▶ **What you will do**
Output every line below as it stands, dropping only the images.

▶ **Data**

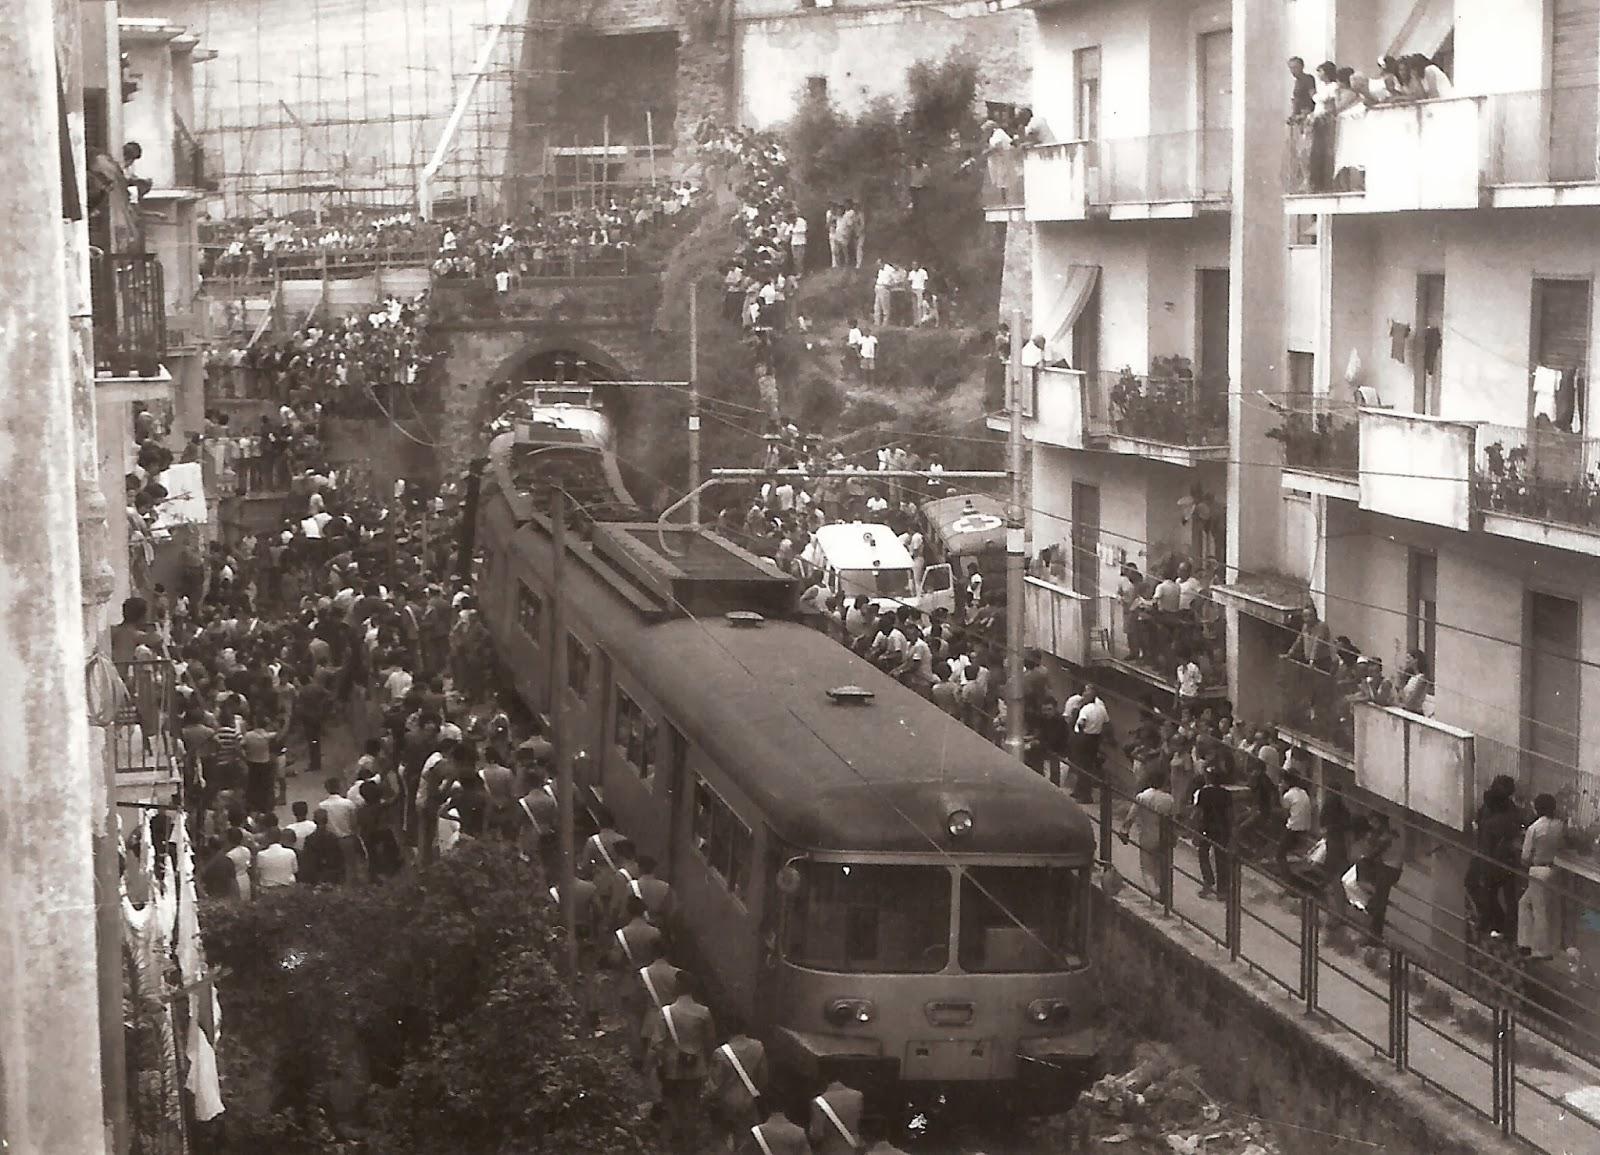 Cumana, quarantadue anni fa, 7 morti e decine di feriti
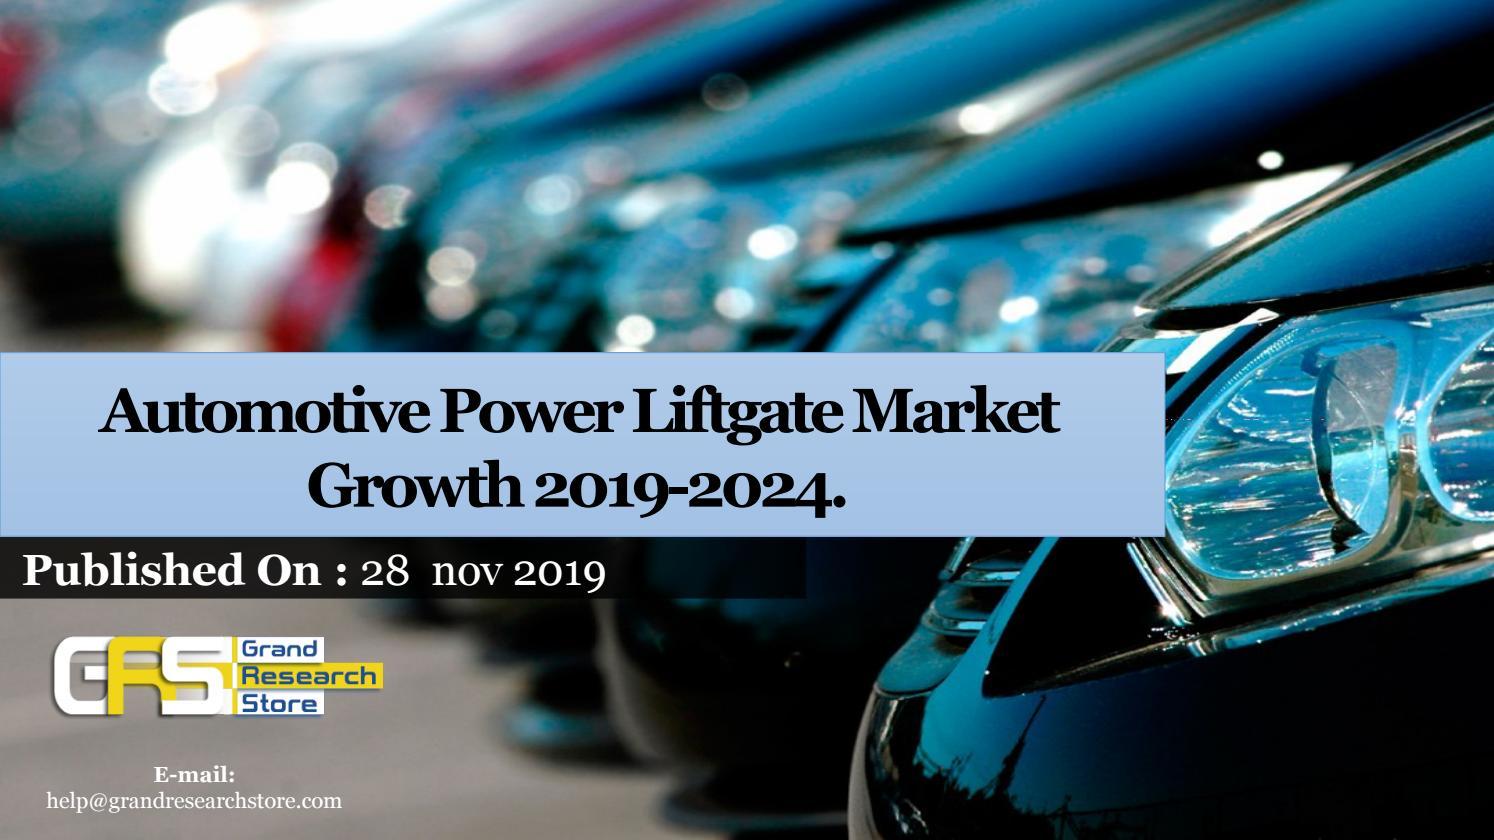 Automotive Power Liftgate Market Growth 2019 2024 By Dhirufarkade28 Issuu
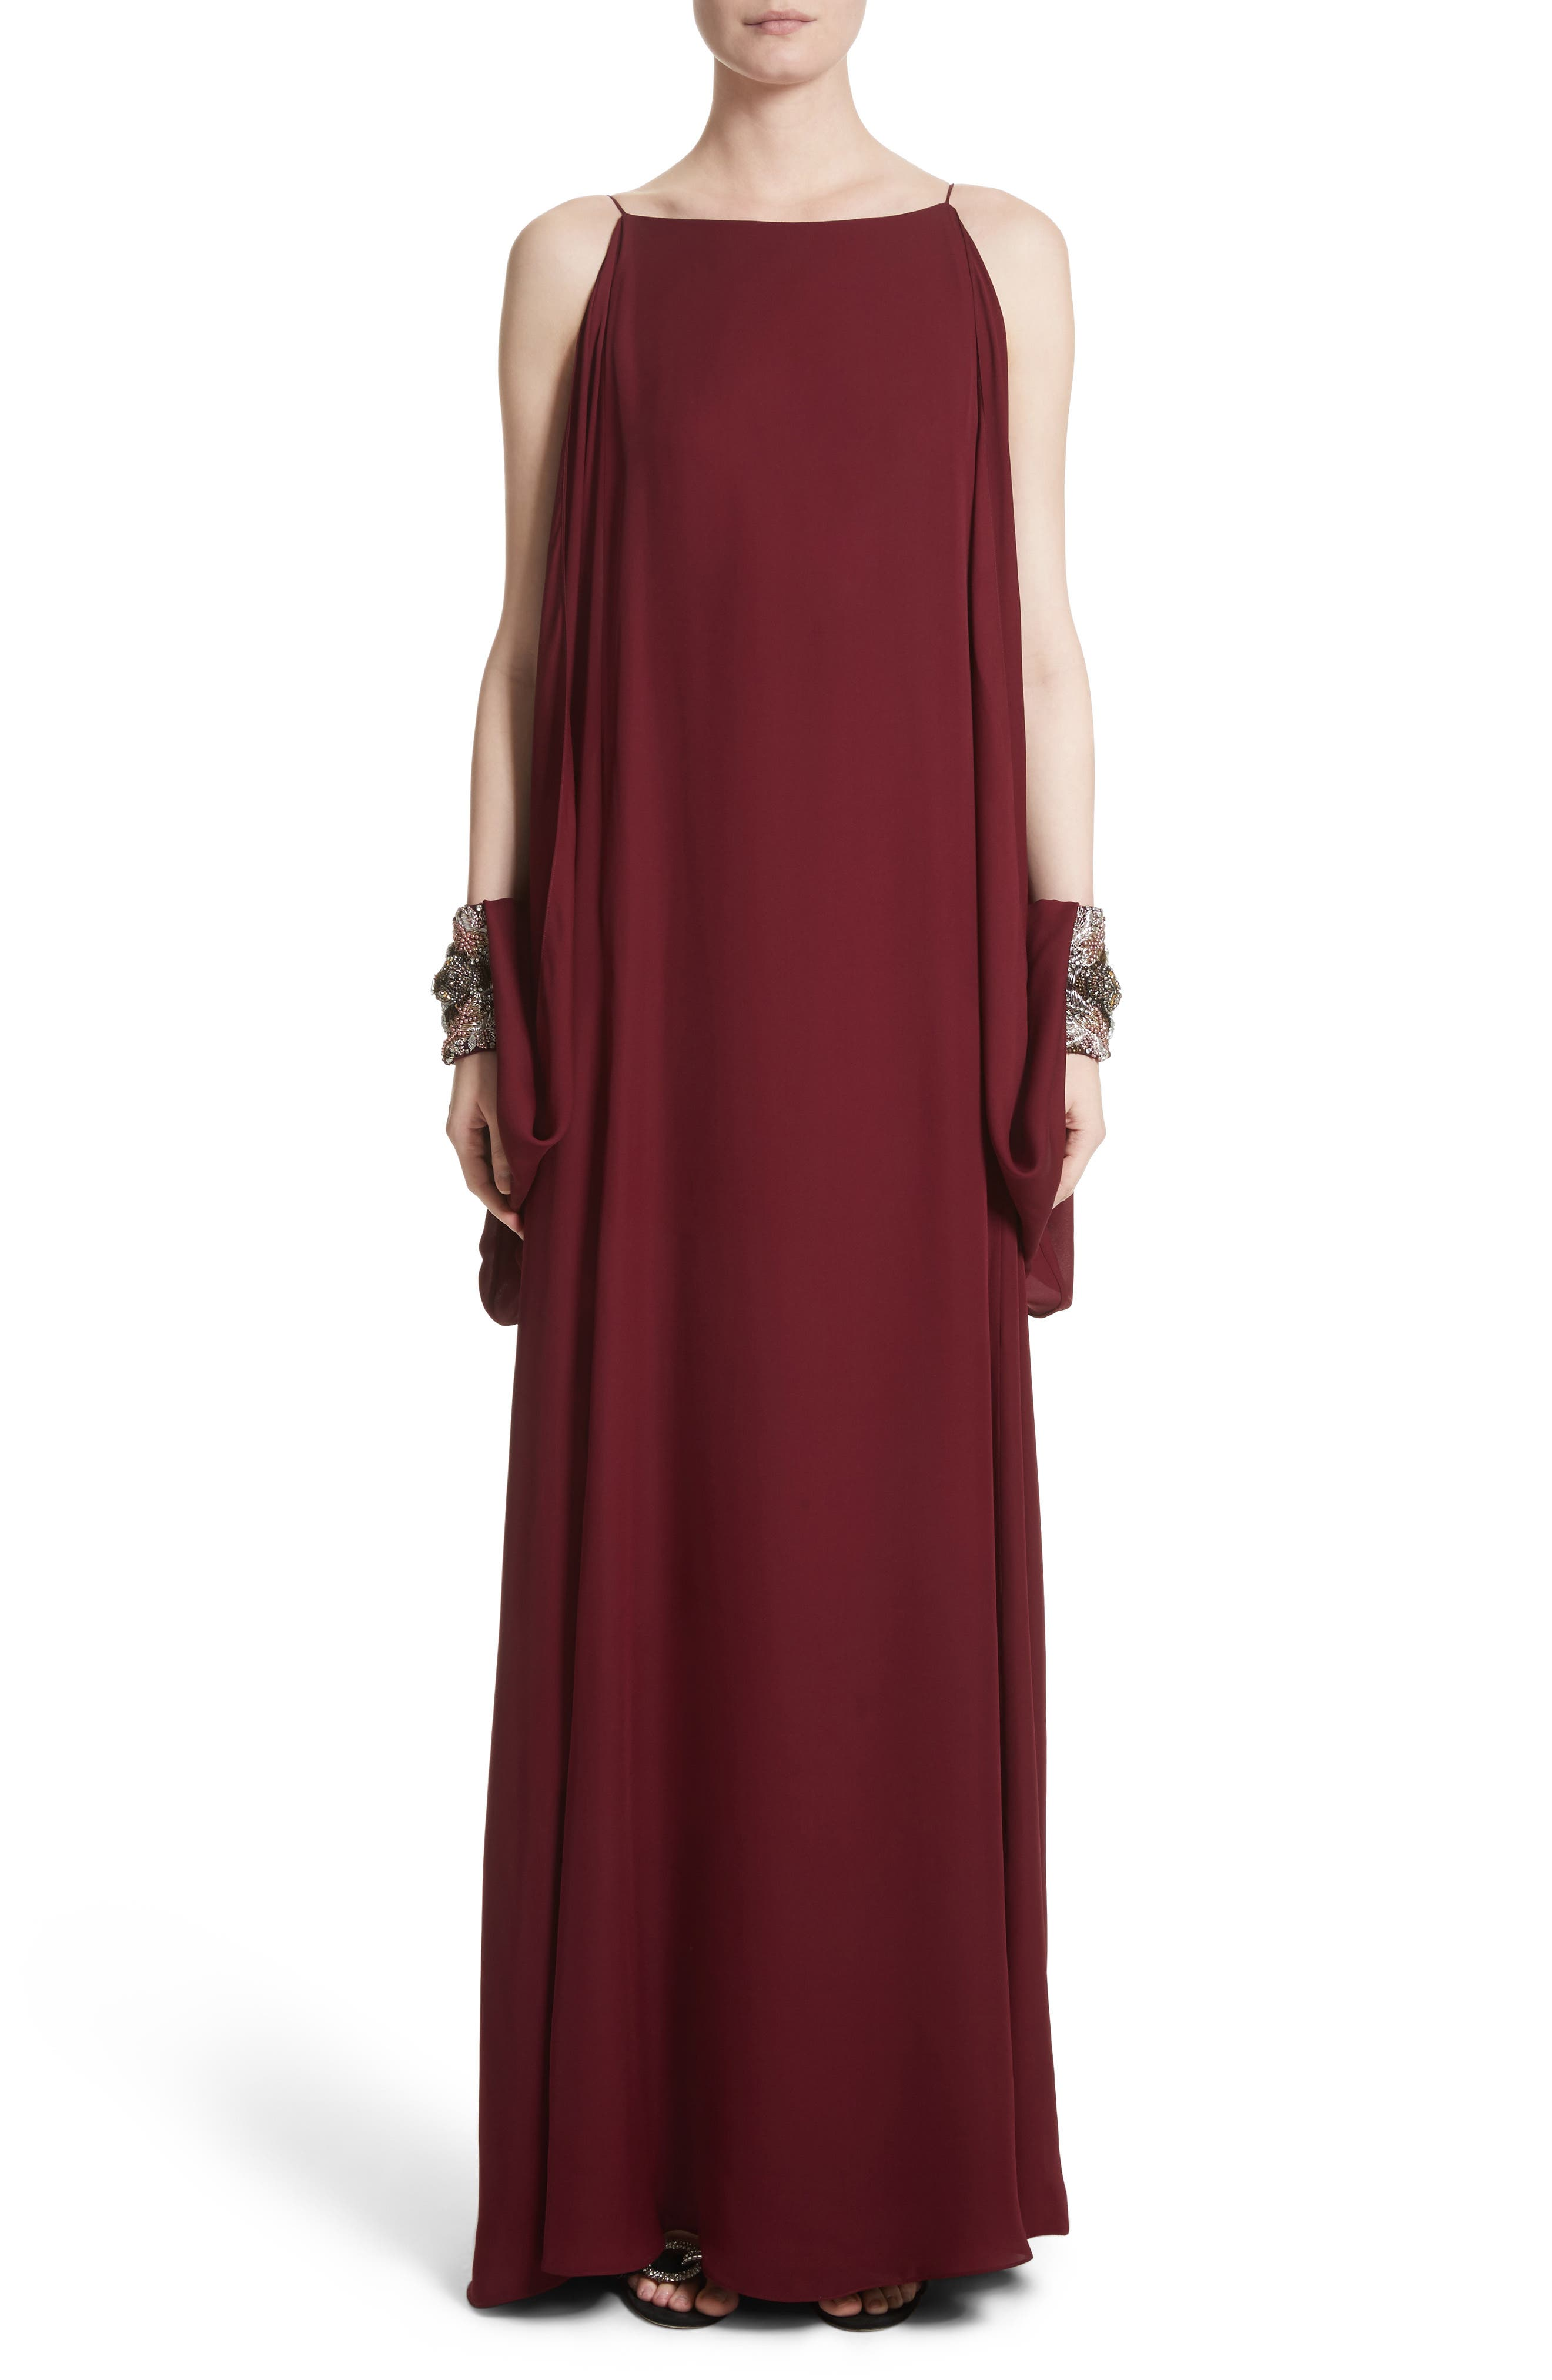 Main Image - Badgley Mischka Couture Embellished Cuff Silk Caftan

▶ **Answer box**
 Cumana, quarantadue anni fa, 7 morti e decine di feriti
 Automotive Power Liftgate Market Growth 2019 2024 By Dhirufarkade28 Issuu
 Main Image - Badgley Mischka Couture Embellished Cuff Silk Caftan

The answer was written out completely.